INFORMATION SUPPLIED>
§ §

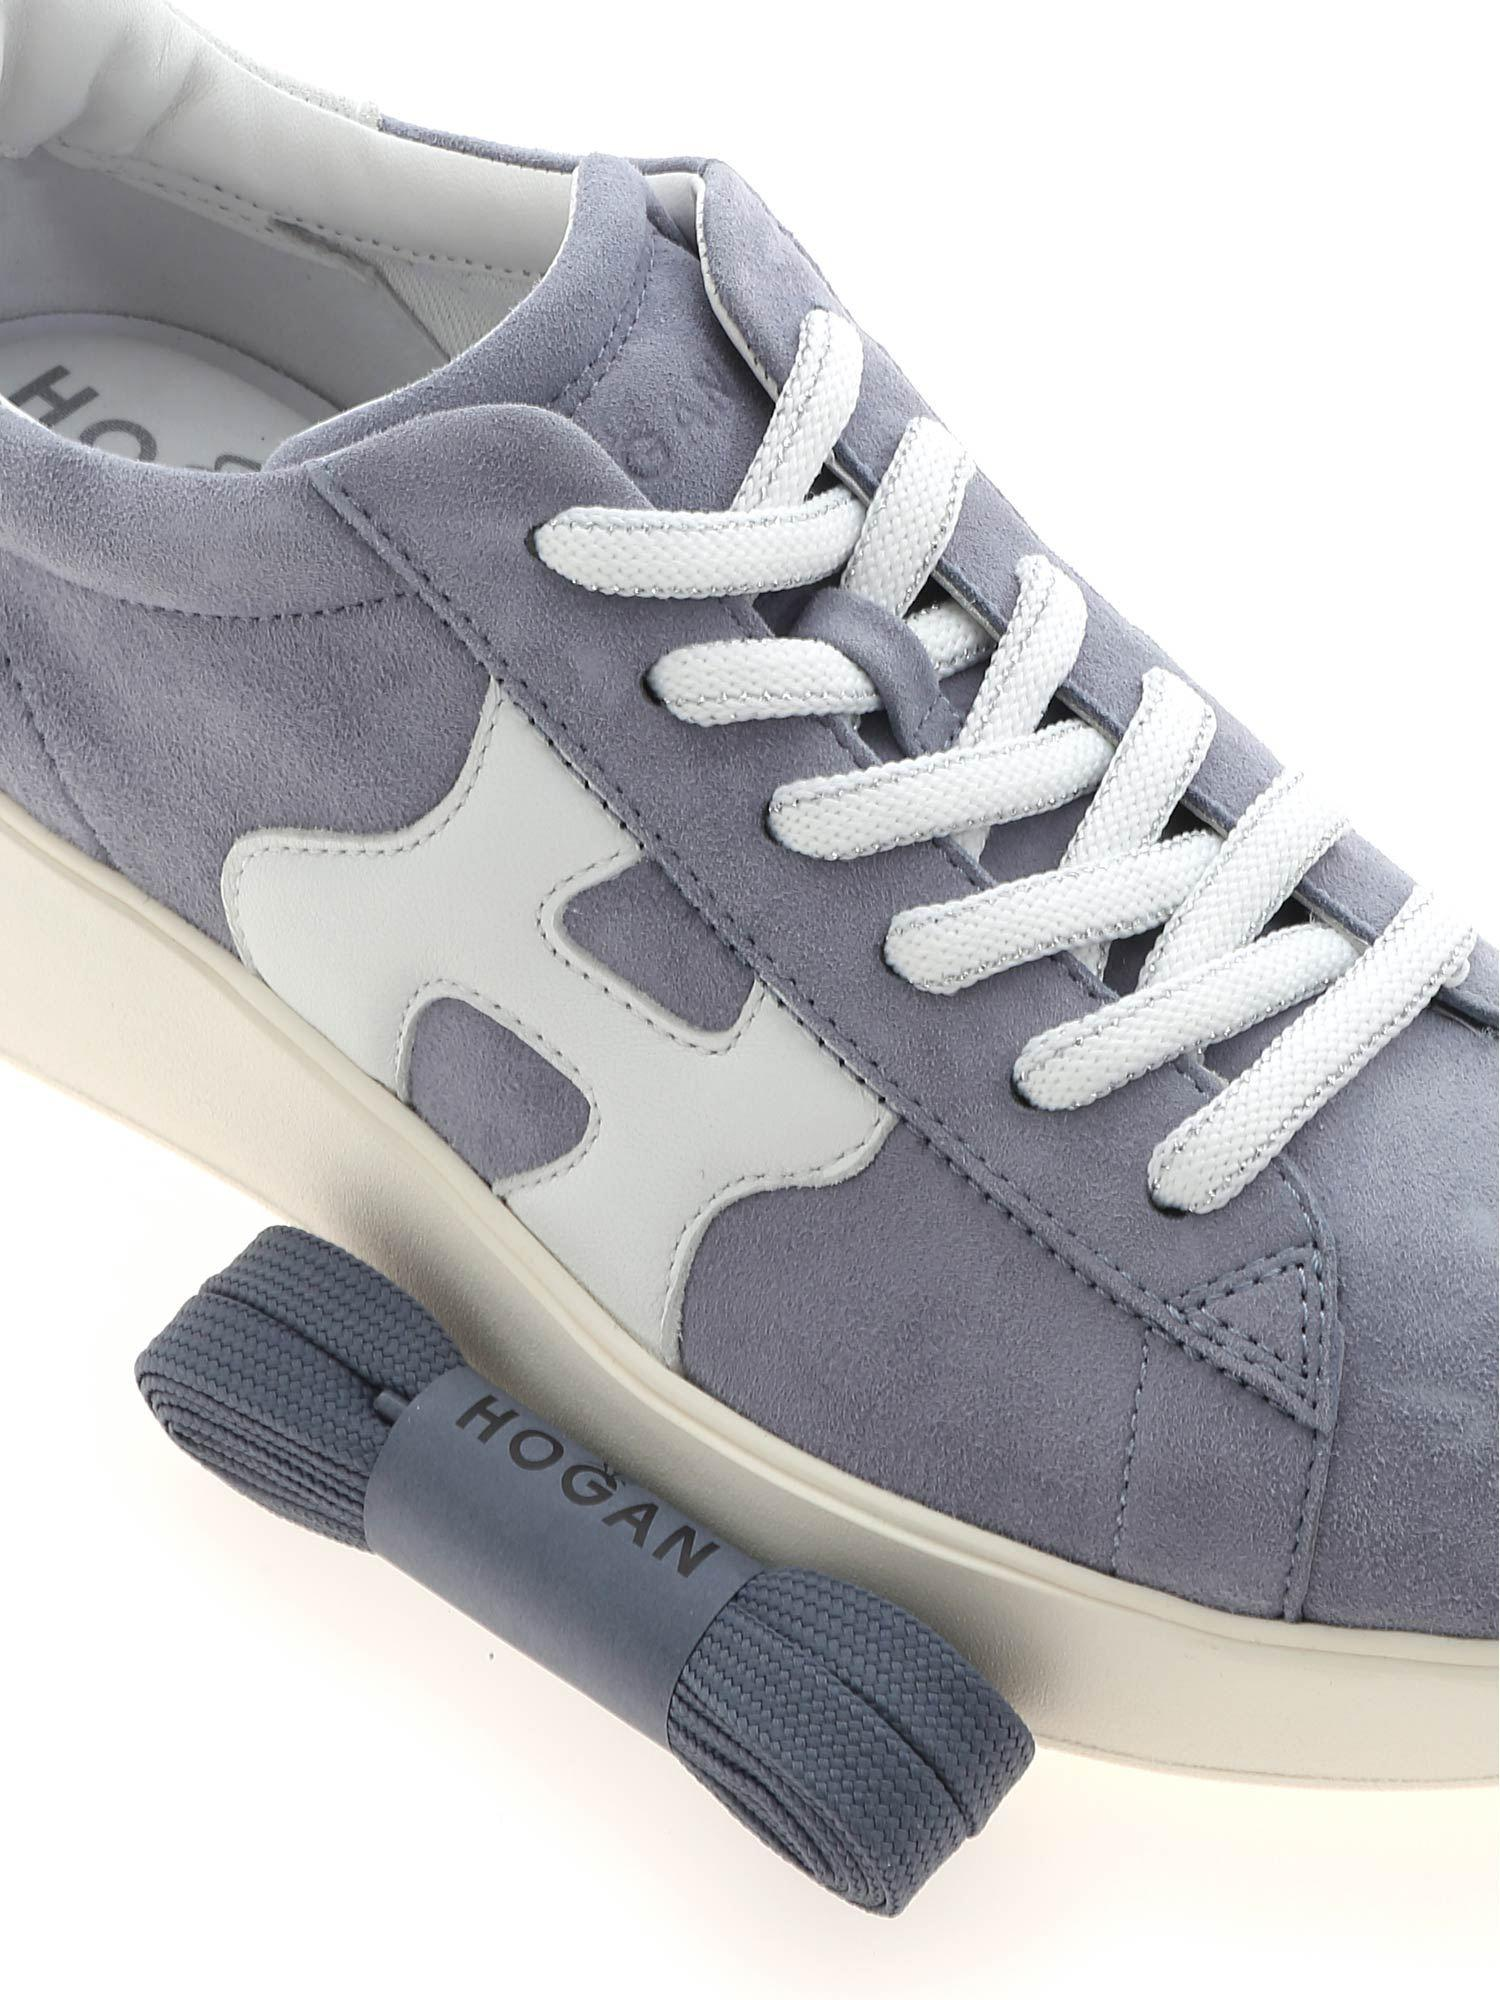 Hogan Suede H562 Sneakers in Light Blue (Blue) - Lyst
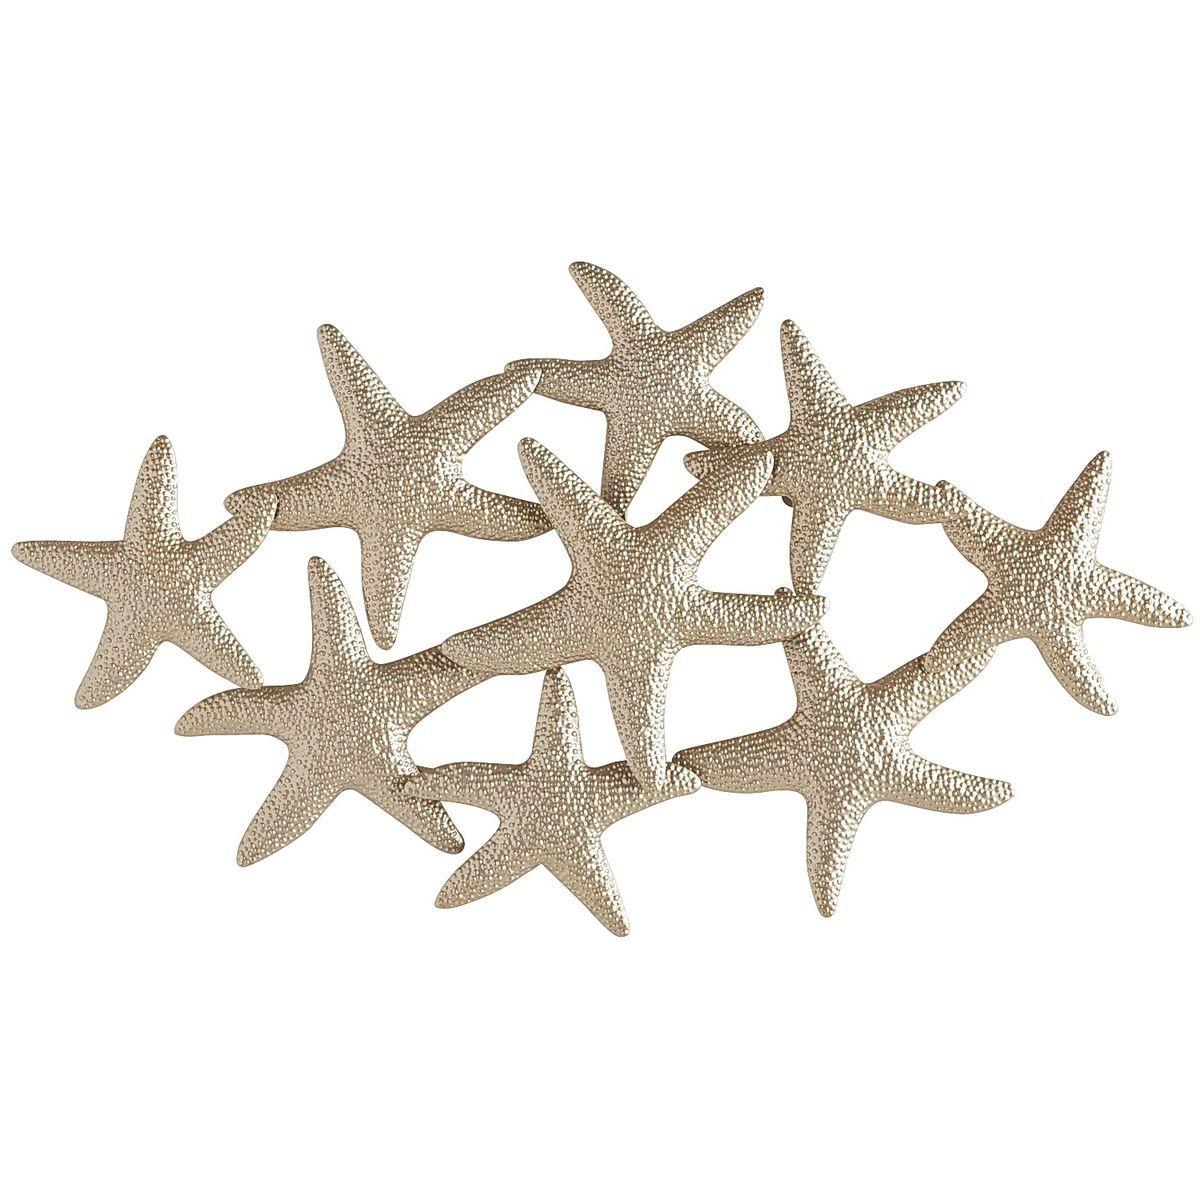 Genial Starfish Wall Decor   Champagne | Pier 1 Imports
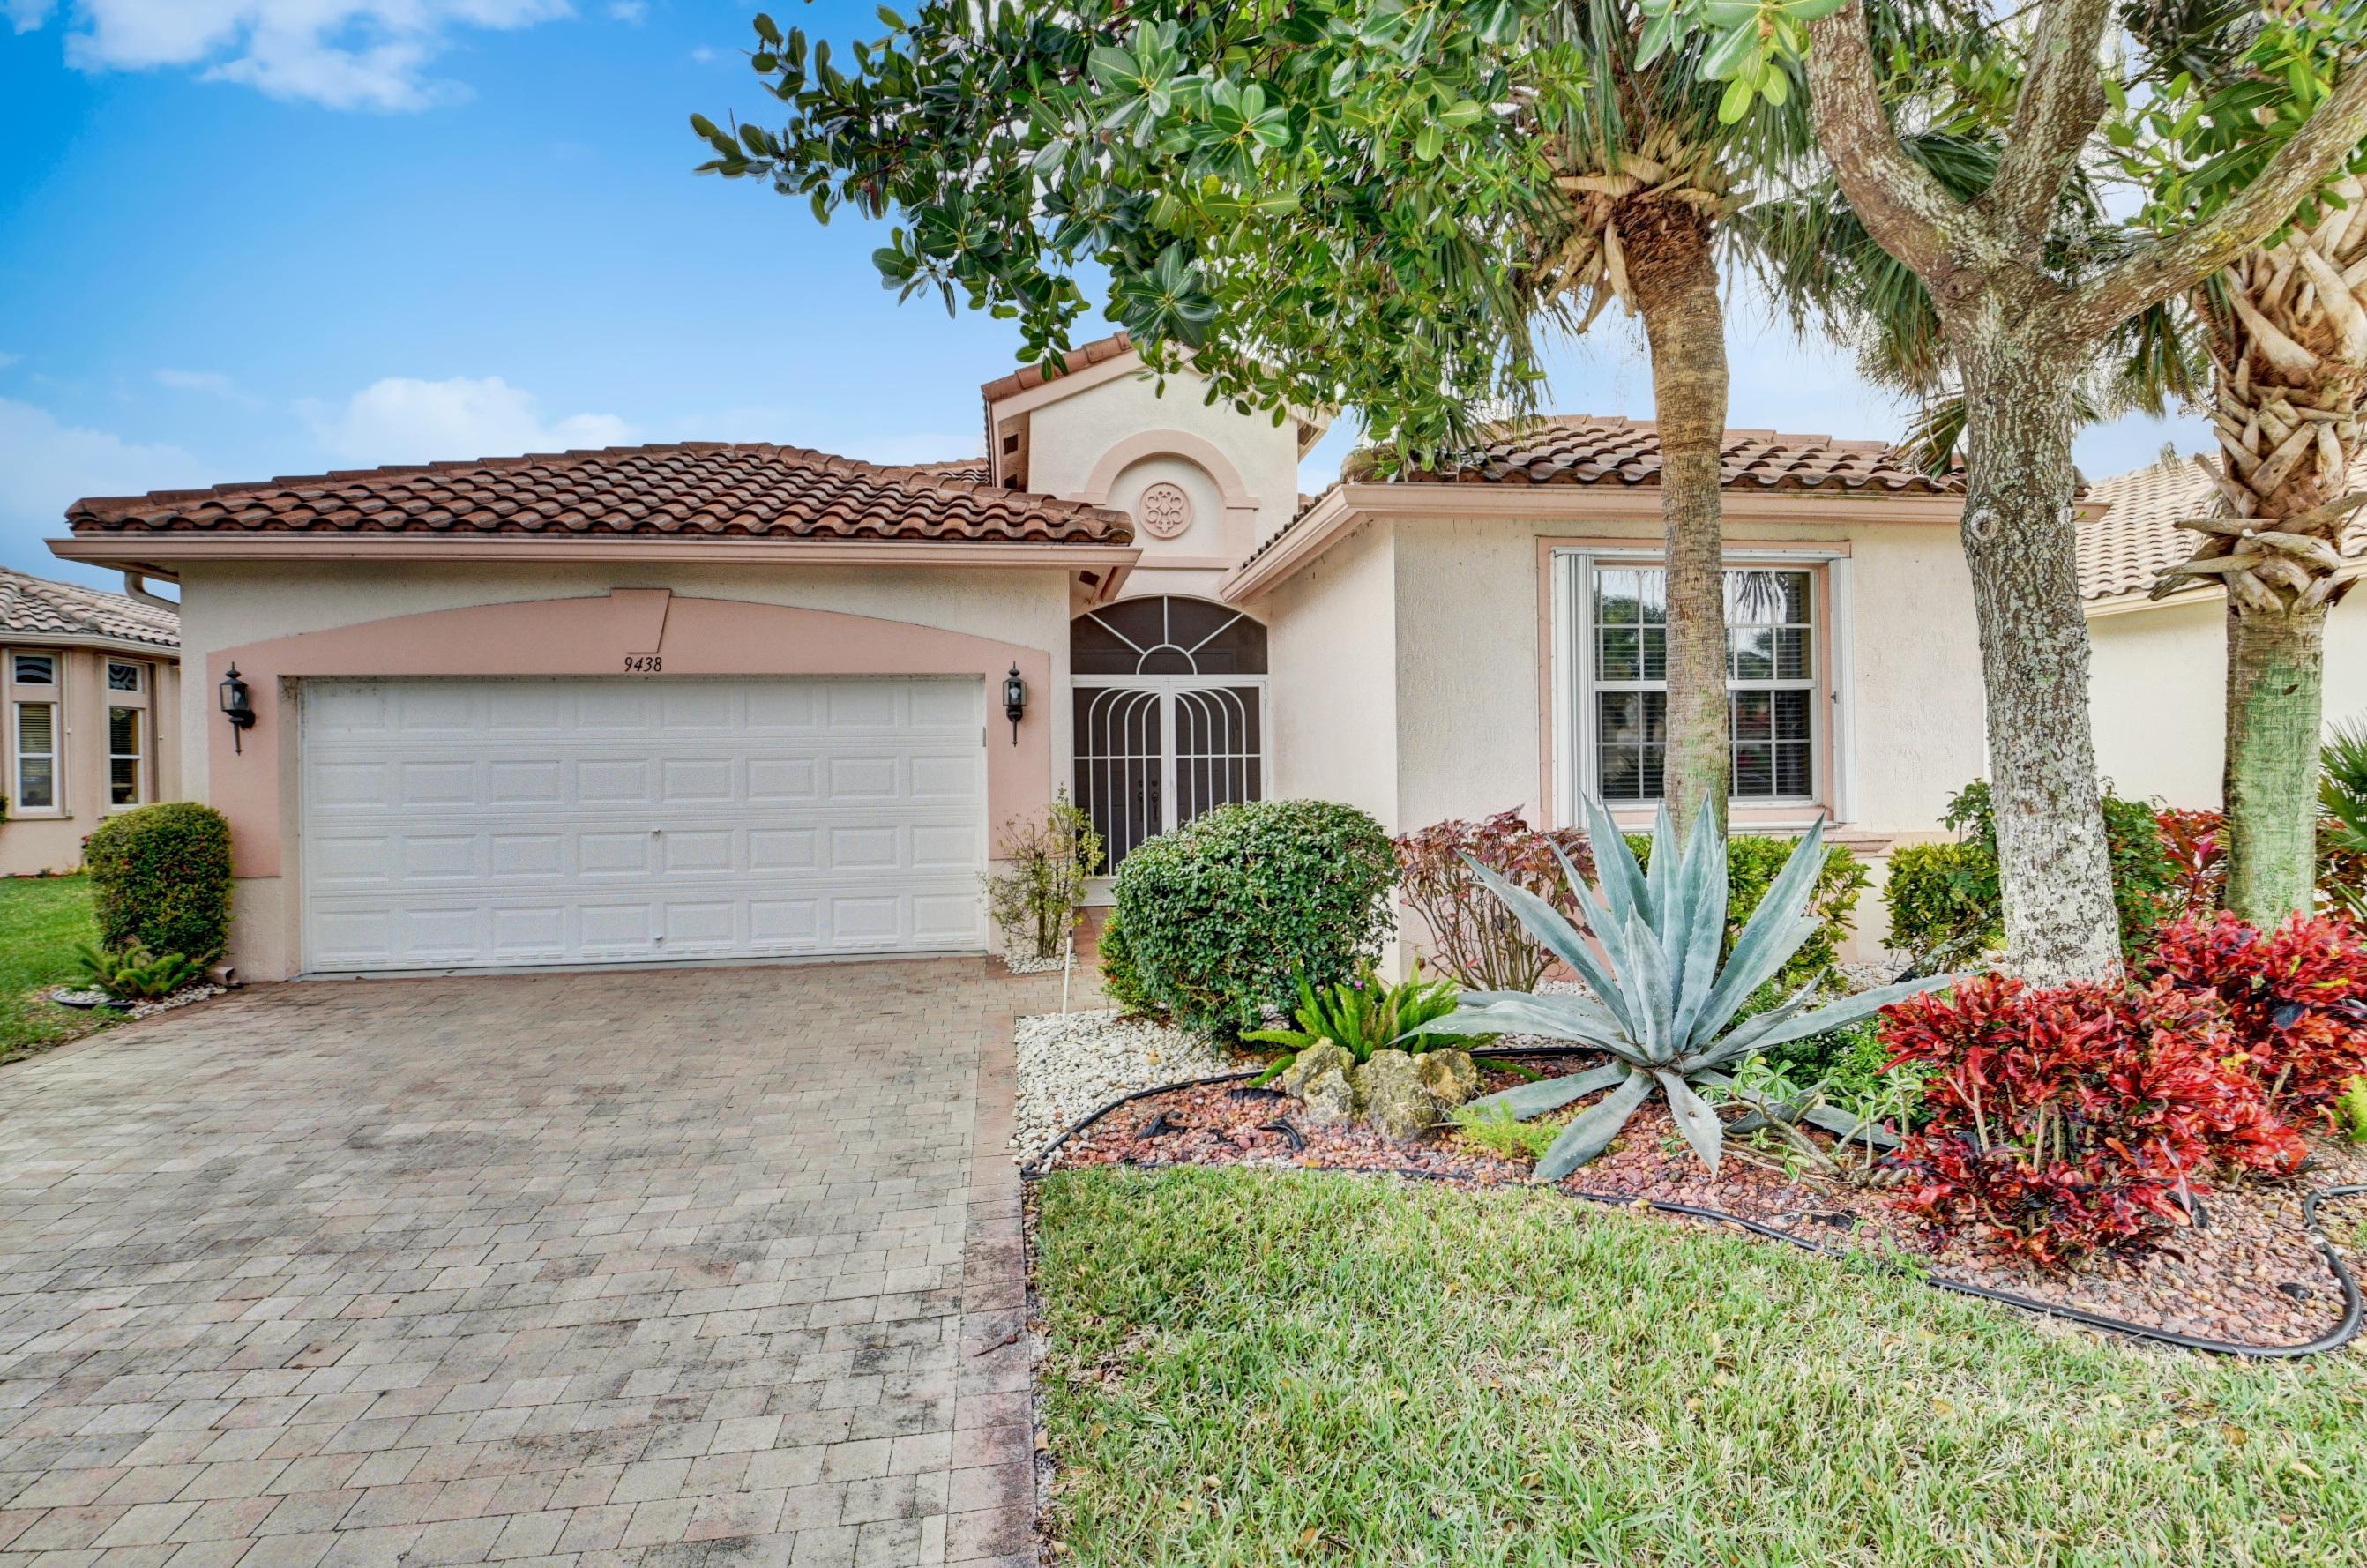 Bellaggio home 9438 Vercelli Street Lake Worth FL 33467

§ §

YOUR TASK> Once the pictures are set aside, the remaining data must be transcribed exactly.

TASK RESPONSE>
 Hogan Suede H562 Sneakers in Light Blue (Blue) - Lyst
 Genial Starfish Wall Decor   Champagne | Pier 1 Imports
 Bellaggio home 9438 Vercelli Street Lake Worth FL 33467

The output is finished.